Франк оглянулся на официанта и увидел, что тот тоже преобразился. Теперь он всем своим видом показывал, что знает — фокус удался, и хотя он не желает и не собирается приобщаться к общему веселью, все же вполне осознает — насколько это возможно при его уровне интеллекта — уровень явленного мастерства. Официант дождался, когда смех и несколько ироничные аплодисменты пойдут на убыль, и, будто актер, старательно удерживающий улыбку на губах, вышел на передний план со своим подносом, предлагая напитки.
Вечер шел своим чередом.
Моррис и Франк сидели на веранде, у самых перил.
«Еще не холодно, — подумал Франк. — Но вот-вот похолодает».
Над озером висел туман. В гостинице за их спиной приглушили огни. С гостиничной кухни какое-то время доносился звон посуды, там заканчивали уборку. Потом наступила тишина.
Ветер пронесся по веранде — и затих.
— М-да… — сказал Моррис и причмокнул губами. Помолчал и повторил концовку анекдота: — Знаешь, судья, доведись тебе разок побыть негром в субботний вечер, ты больше никогда не захочешь стать снова белым.
Он верил в это, как веруют в Бога.
Ведь, по сути, это был всего лишь участок земли. Порождение фантазии, раз уж на то пошло. Она раскинулась на листе бумаги — отсюда и дотуда, — и он сказал: «Что может быть очевиднее? Она должна принадлежать тому, кто видит ее единство, видит, что она располагается между двумя океанами. Человек, который это видит, должен ею владеть. И человек этот — я».
Что означало — владеть? Обладать или самому принадлежать стране?
Он часто думал о своем доме. С удовольствием погружался в философские размышления о природе обладания и думал: «Это богатство. Состояние. И если я не боюсь ставить под вопрос свои права в собственном доме, значит, я достоин некоторого признания, а если не сам я, то это действие, это проявление мужества. Как далеко я могу позволить себе зайти? Не знаю. Но разве многие осмелились бы вообще поставить этот вопрос?»
Франк покачался в своем любимом кресле, стоявшем на отгороженной от дороги веранде. Он смотрел на лужайку, где Рути рвала то ли цветы, то ли какую-то траву.

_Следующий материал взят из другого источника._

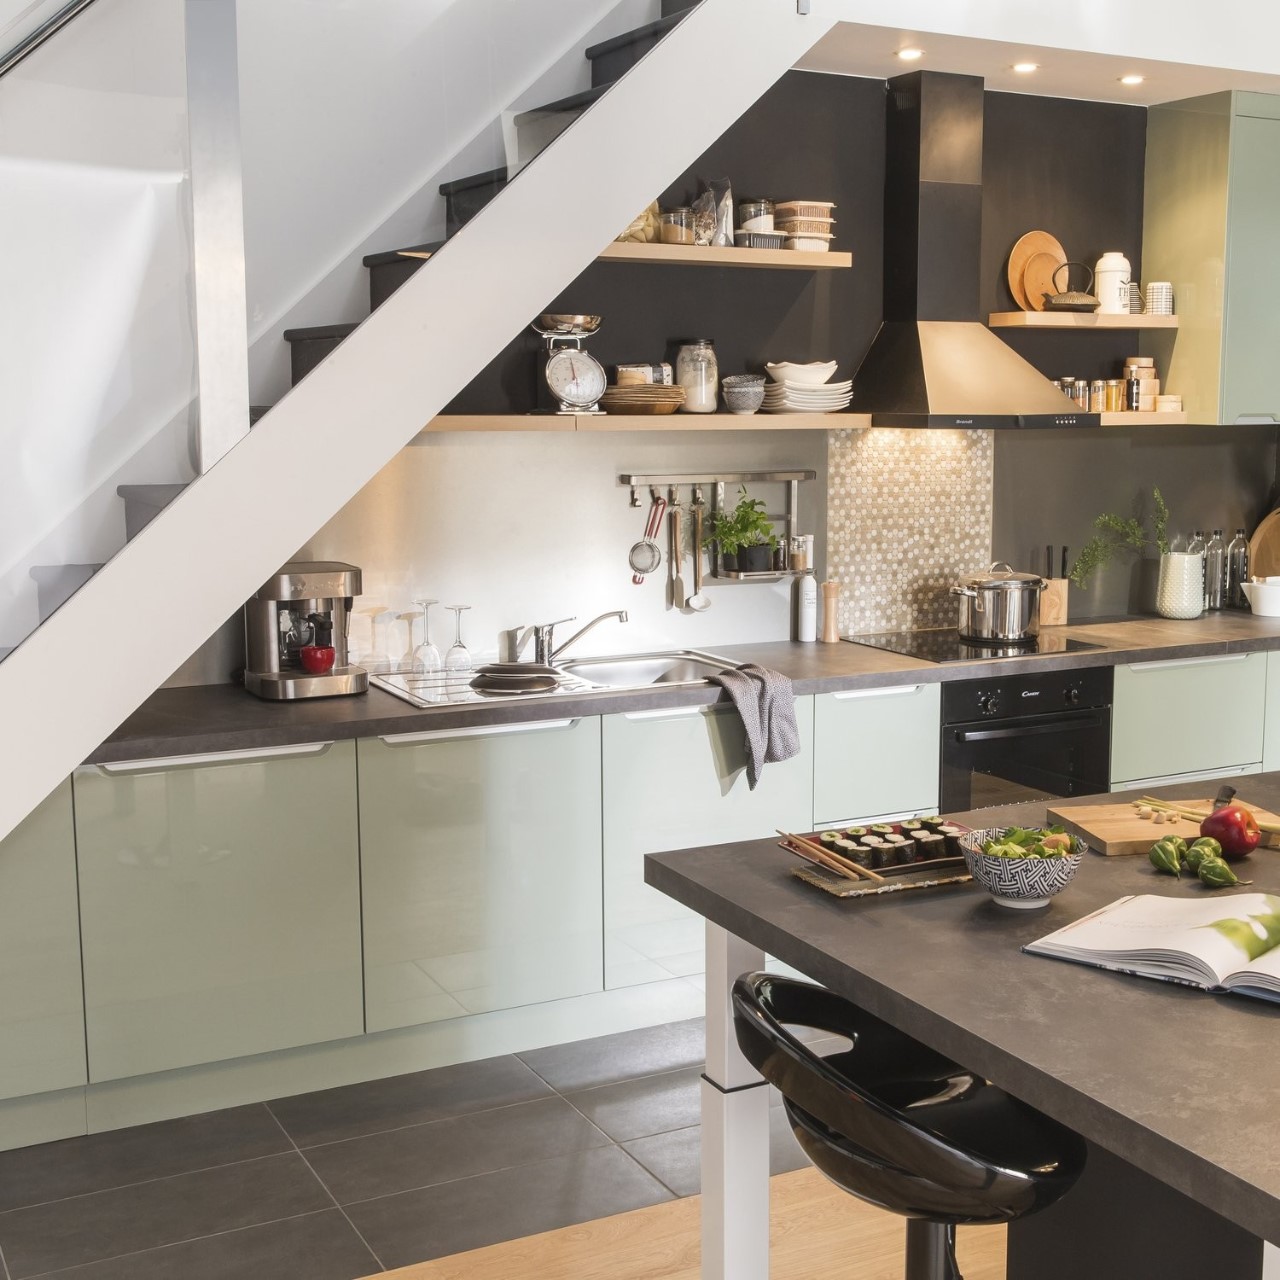 Thiết kế tủ bếp màu xanh nhã nhặn với nhiều ngăn kệ đựng vật dụng nhà bếp tiện nghi

Однажды он в шутку сказал ей: «Эту девушку просто невозможно вытащить из сада», — на что она ответила: «Так пусть себе идет куда хочет». А он сказал: «Она же домашняя прислуга, какого черта она возится в саду, увиливая от работы?» — и оба были счастливы, обмениваясь безобидными репликами по поводу простительной слабости одного из членов семьи.
Чтобы столкнуться с проблемами хозяина, надо, прежде всего, стать хозяином.
Франку было хорошо. Ему нравилось вдыхать дым собственной сигары и смотреть, как ветер уносит его сквозь решетчатую ограду веранды. «Славные сигары, — думал он. — Такую докуришь — и все. Как будто никто и не курил».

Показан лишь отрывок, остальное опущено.